Florence Edenshaw Davidson (1896–1993) was a Canadian First Nations artist from the Haida. She created basketry and button-blankets and was a respected elder in her village of Masset, Haida Gwaii, British Columbia.

Early life 
Florence Edenshaw was born in Masset on September 15, 1896, the daughter of the Haida artist Charles Edenshaw (Chief Idɨnsaw) and his wife Isabella (K'woiyəng).  She was given the Haida name Jadał q'egəngá ("Story Maid"). As a child, she help her mother to sew button blankets.

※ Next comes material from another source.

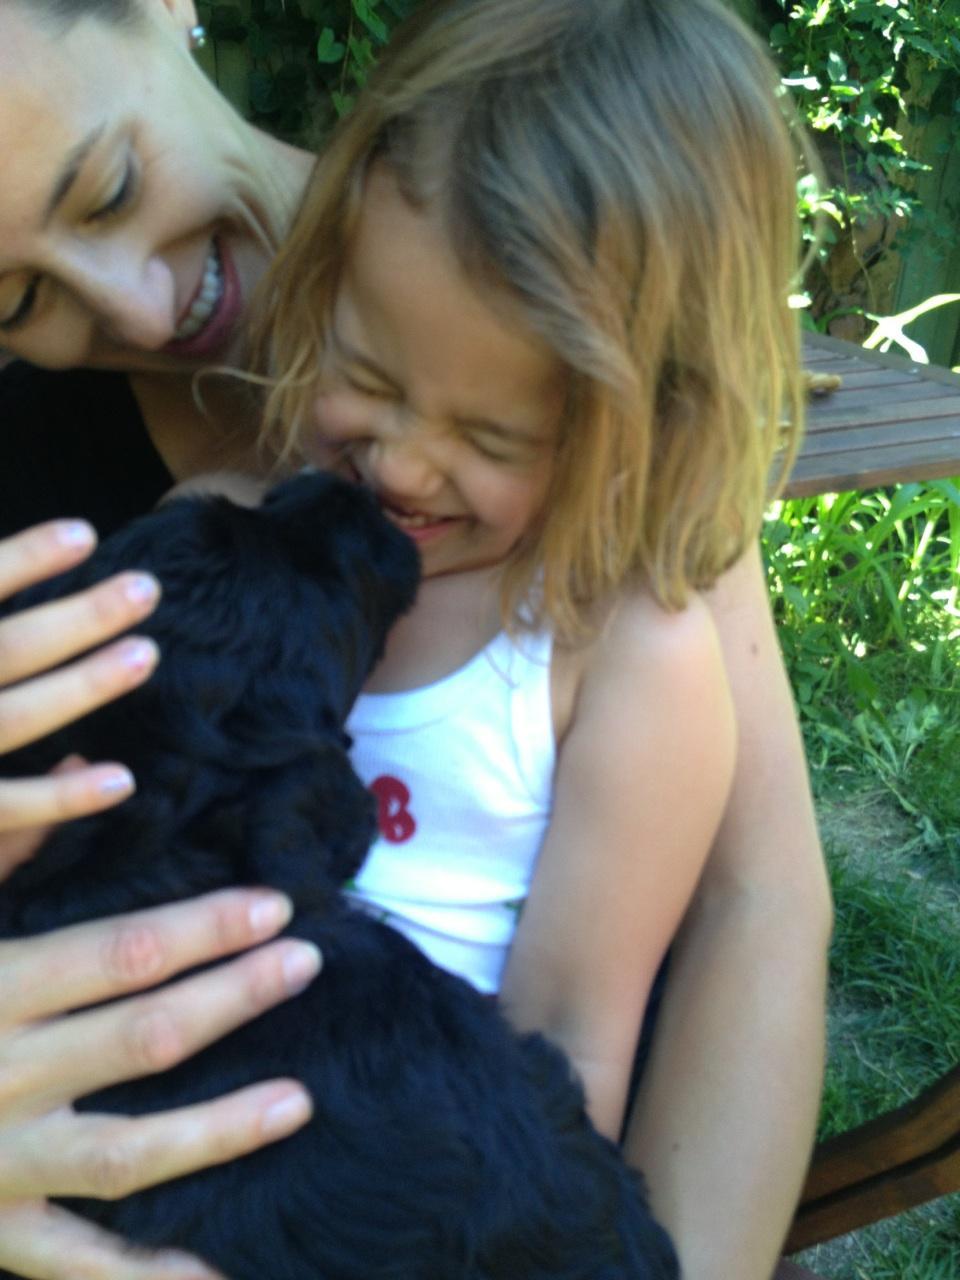 Puppies and children!

She was of the Raven moiety, of the Y'akwə'lanas lineage, and of the Shark House (Q'ad Nas), with crests that included Shark, Two-Finned Killerwhale, and Brown Bear.

Personal life 
She married Robert Davidson (1880–1969), a Haida, on February 23, 1911, and had 13 children. Her daughter Primrose Adams, also an artist, was the 2011 recipient of the Creative Lifetime Achievement Award for First Nations' Art.

Career 
Davidson became renowned for her blankets and for her spruce-root and cedar baskets.

In the 1960s she was consultant on Haida culture and Masset history to the writer Christie Harris, author of Raven's Cry. She was also a major consultant on Haida language to John Enrico.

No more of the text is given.